NikoNomad / shutterstock

米宇宙開発ベンチャー、スペースXのイーロン・マスク最高経営責任者(CEO)は、人の火星への移住を支援するための野心的な計画を発表した。遠くない将来に、移住を実現させたい考えだという。

メキシコ西部グアダラハラで9月27日に行われた国際宇宙会議(IAC)でマスクは、この構想について明らかにすると共に、火星に到着する人たちを乗せた宇宙船を紹介する動画を公開した。しかし、マスクの説明には、命にかかわる重要な点に関する情報が含まれていなかった。

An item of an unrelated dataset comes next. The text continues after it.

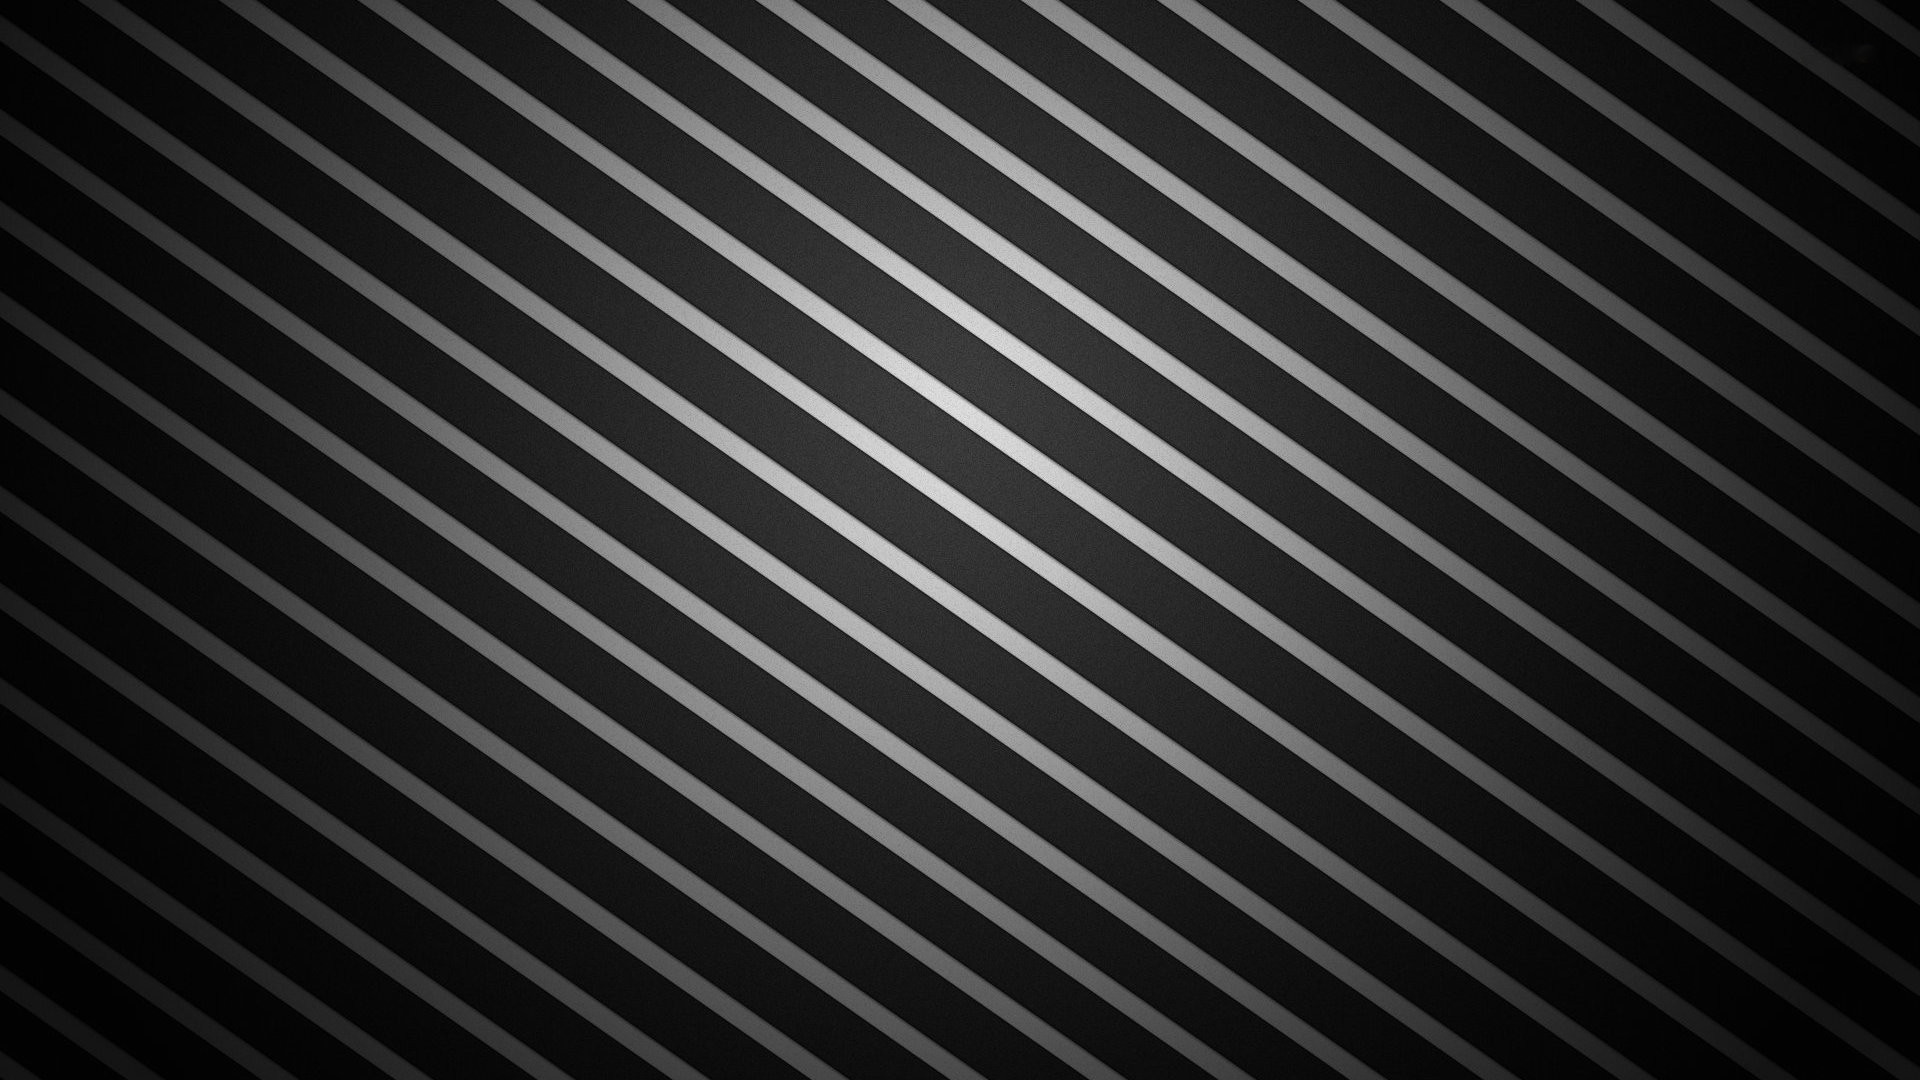 1920x1080 Malabar Wallpaper Black wallpaper with large metallic silver | Wallpapers  For Desktop | Pinterest | Wallpaper and Hd wallpaper

火星にいる間、人間は何を食べることになるのだろうか?

マット・デイモン主演の映画「オデッセイ」が公開された後、自然科学・テクノロジー関連の話題を中心に伝えるニュースサイト、ライブサイエンス(Live Science)は、火星で地球と同じように農作物を育てることの難しさについて報じた。映画の中でデイモンは、火星で自分自身の排泄物を使ってジャガイモを育てる宇宙飛行士を演じた。

この映画の中で明らかになるのは、たった一つのジャガイモを育てることさえ、火星では非常に難しいということだ。さらに難しいのは、人間に提供する十分な食料を育てるためには、火星をより地球に近い惑星に変えるための多大な努力(活動)が必要だということだ(どのような活動かは不明だが)。

ライブサイエンスはこの記事の中で、「火星をテラフォーミング(地球化)することが受け入れ可能だと人間が“民族として”判断したとしても、希薄な火星の大気が酸素を多く含む生命のゆりかごになるまでには何百年もの時間がかかるだろう」と指摘している。

まずは「着陸」が重要

最も重要なことは、まず火星に到着することだとマスクは主張する。食料、あるいは木星や土星に行く方法など、その他の問題の解決方法は、後から探せばいいとの考えだ。

IACでの講演でマスクは、火星への移住計画を米西海岸地域が踏み込むこともできないほどの荒野だった当時のカリフォルニア州への開拓と定住になぞらえた。「スペースXの目標は交通システムの構築」であり、それは、「ユニオン・パシフィック鉄道の建設のようなものだ」という。